As for Tom’s colourless, churlish and unimaginative commander-in-chief General Pershing, he served as America’s most senior soldier until his retirement in 1925, ending his career with the extremely high rank of General of the Armies – technically, a six-star general. He died in 1948. Today, Pershing sits high in the US military pantheon, remaining officially the second-highest-ranking general in American history after George Washington, and ahead of illustrious later American generals such as Patton, Dwight D. Eisenhower and Douglas MacArthur. In his 1931 memoirs, Pershing mentioned the Australians once. This was the reference to the Australian 5th Division in his misleading account of the Bellicourt Tunnel assault. Never once did Pershing refer to General Monash, nor to any other Australian commander or soldier.

It is possible that Pershing played an influential role in the organisation of the 1929 burial at Arlington National Cemetery of Private Henry Johnson, the black US soldier who was awarded the Croix de Guerre for bravely fighting off a German patrol and saving a comrade whilst on guard duty when attached to the French Army in the Argonne on 14 May 1918. As Johnson at the time of his death had not a single US gallantry medal to his name, nor even a Purple Heart in recognition of the wounds he received, it is astonishing that in 1929, with segregation rife in the US, Johnson, a black man, was buried at Arlington, and with full military honours. This leads to the conclusion that either Pershing or Johnson’s former regimental commander, the liberally-minded Colonel William Hayward, who became US Attorney for the District of Southern New York after the war, or both men, could have been instrumental in Johnson’s Arlington interment.

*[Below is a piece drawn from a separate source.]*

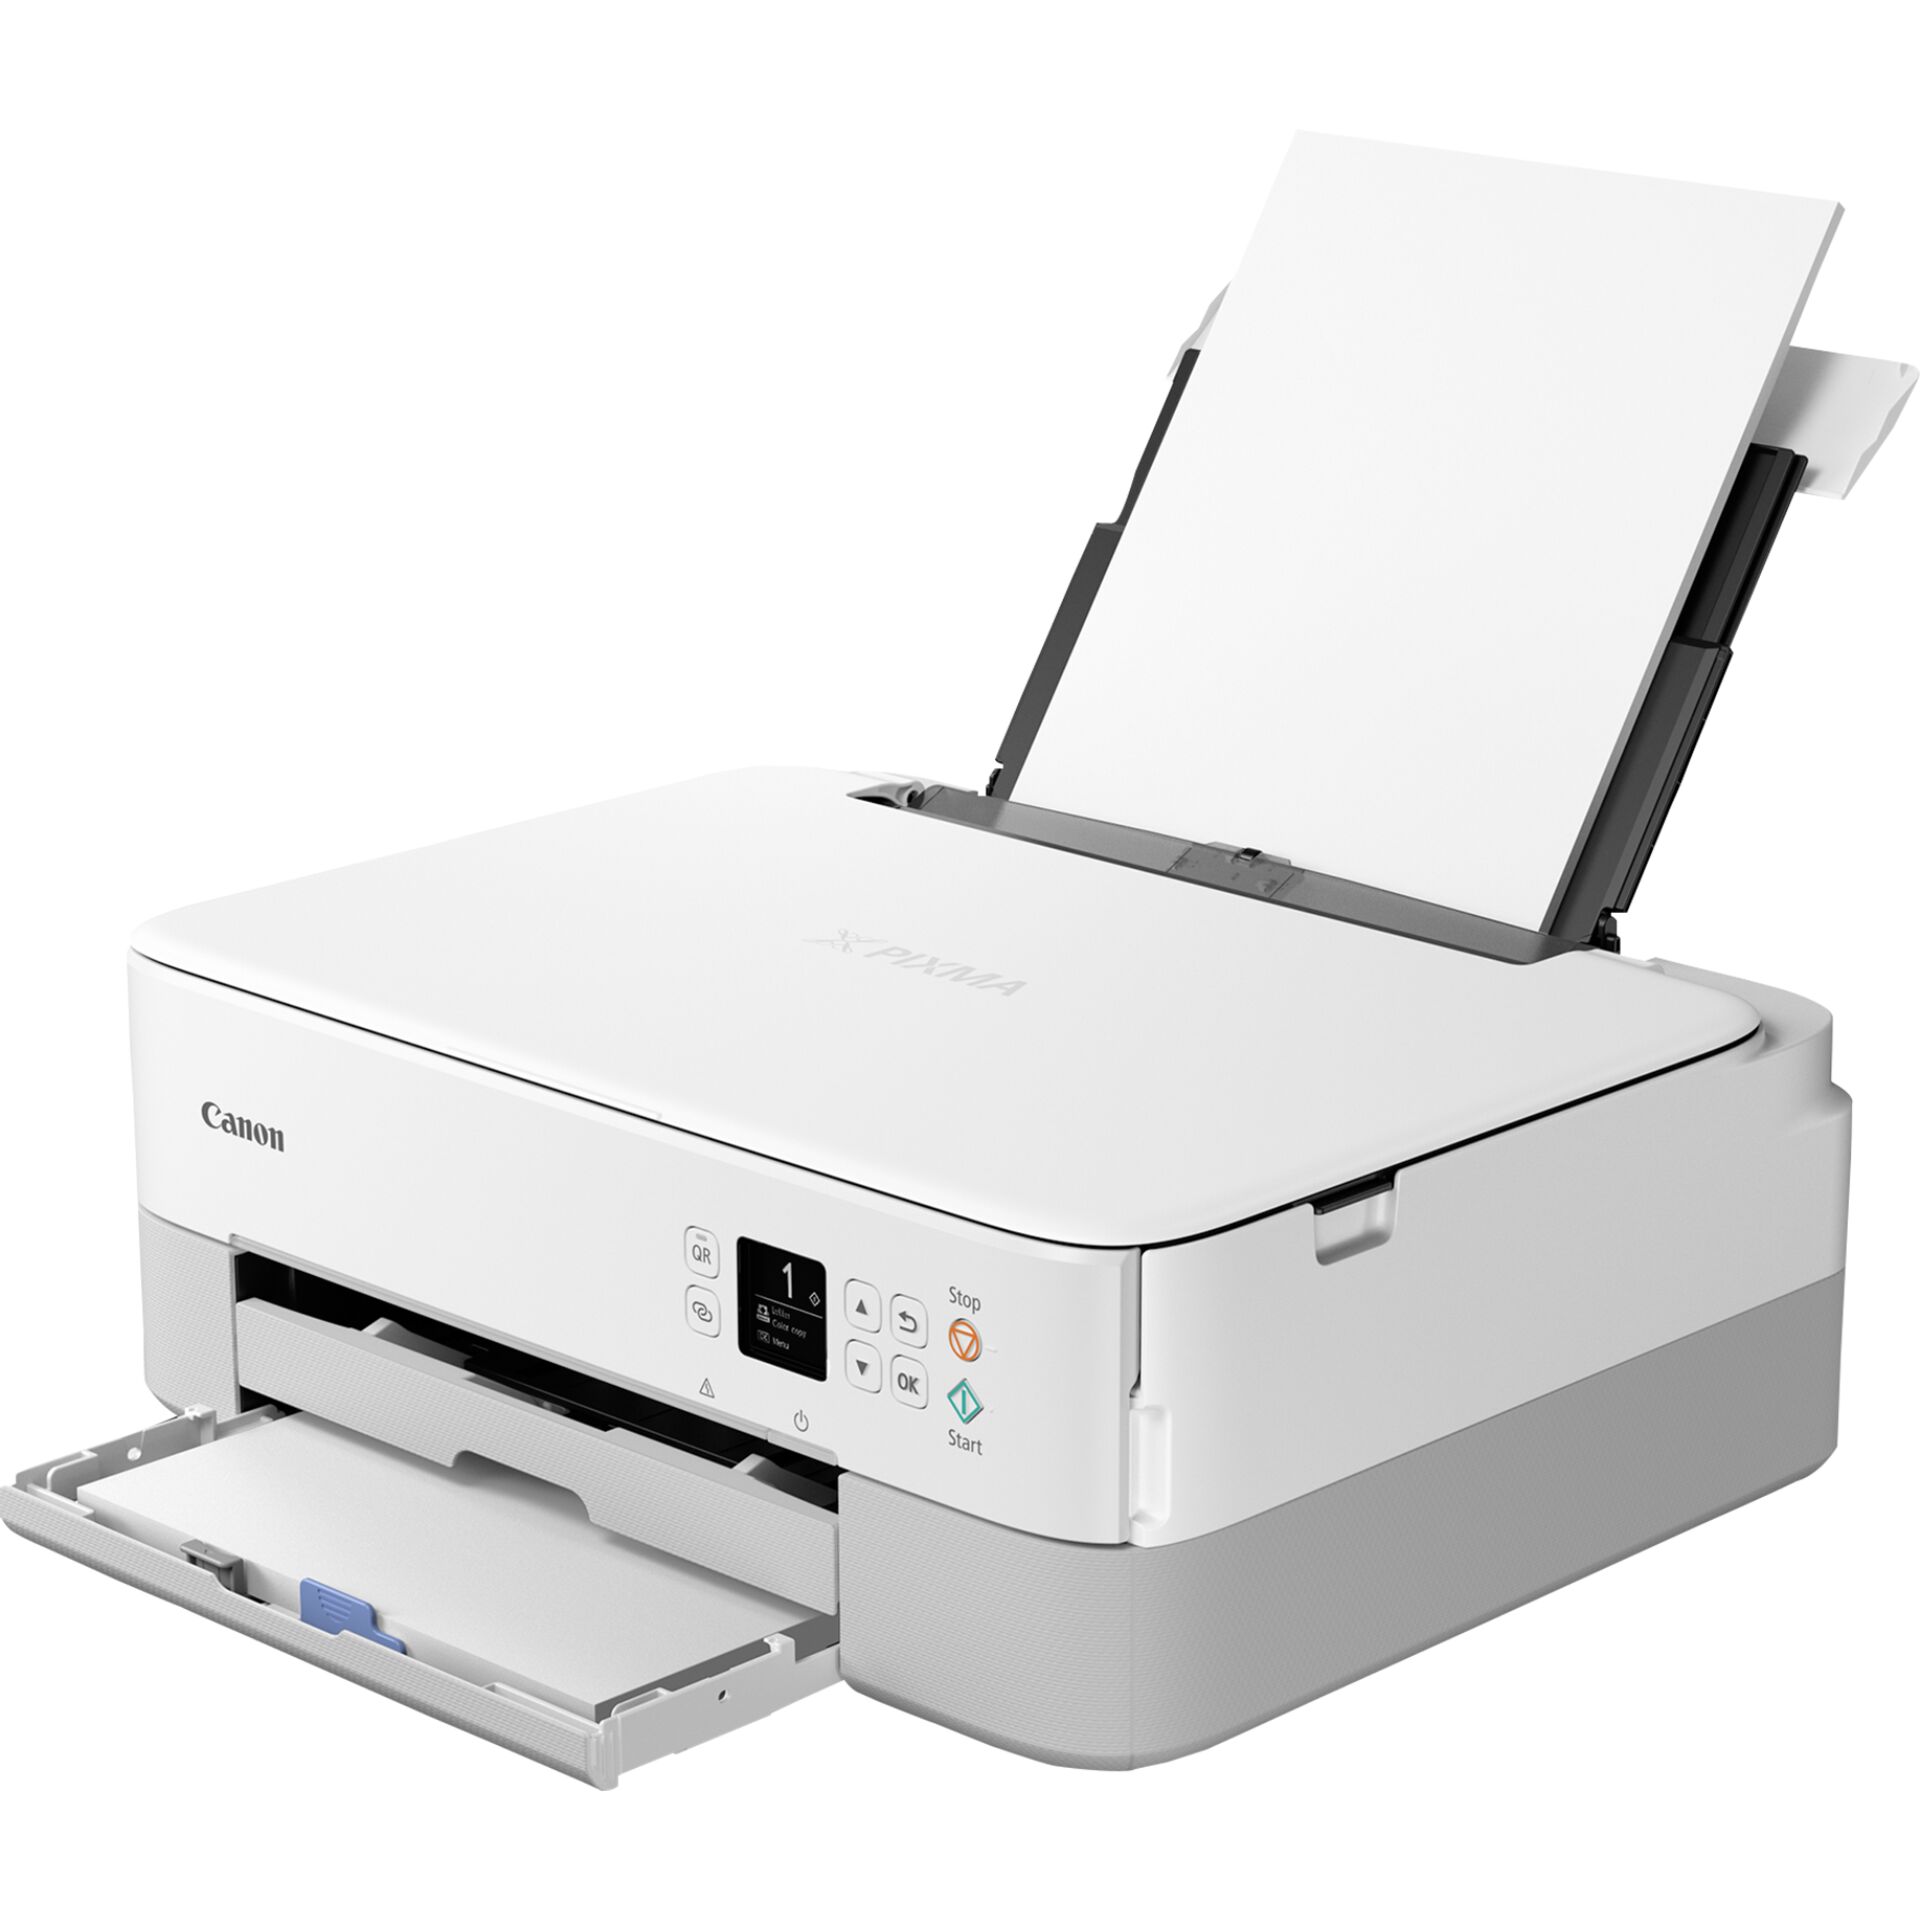 Canon PIXMA TS5351a weiß, WLAN, Tinte, mehrfarbig- Multifunktionsgerät, Drucker/Scanner/Kopierer

As fate would have it, in 2015, after a decades-long campaign led by Democrat senator for New York Chuck Schumer and others, President Barack Obama awarded Henry Johnson a posthumous Medal of Honor for his May 1918 actions. Ninety-seven years after the event, this posthumous award put Johnson ahead of Battle of Hamel hero Thomas Pope as the first US Army awardee of the Medal of Honor in the First World War.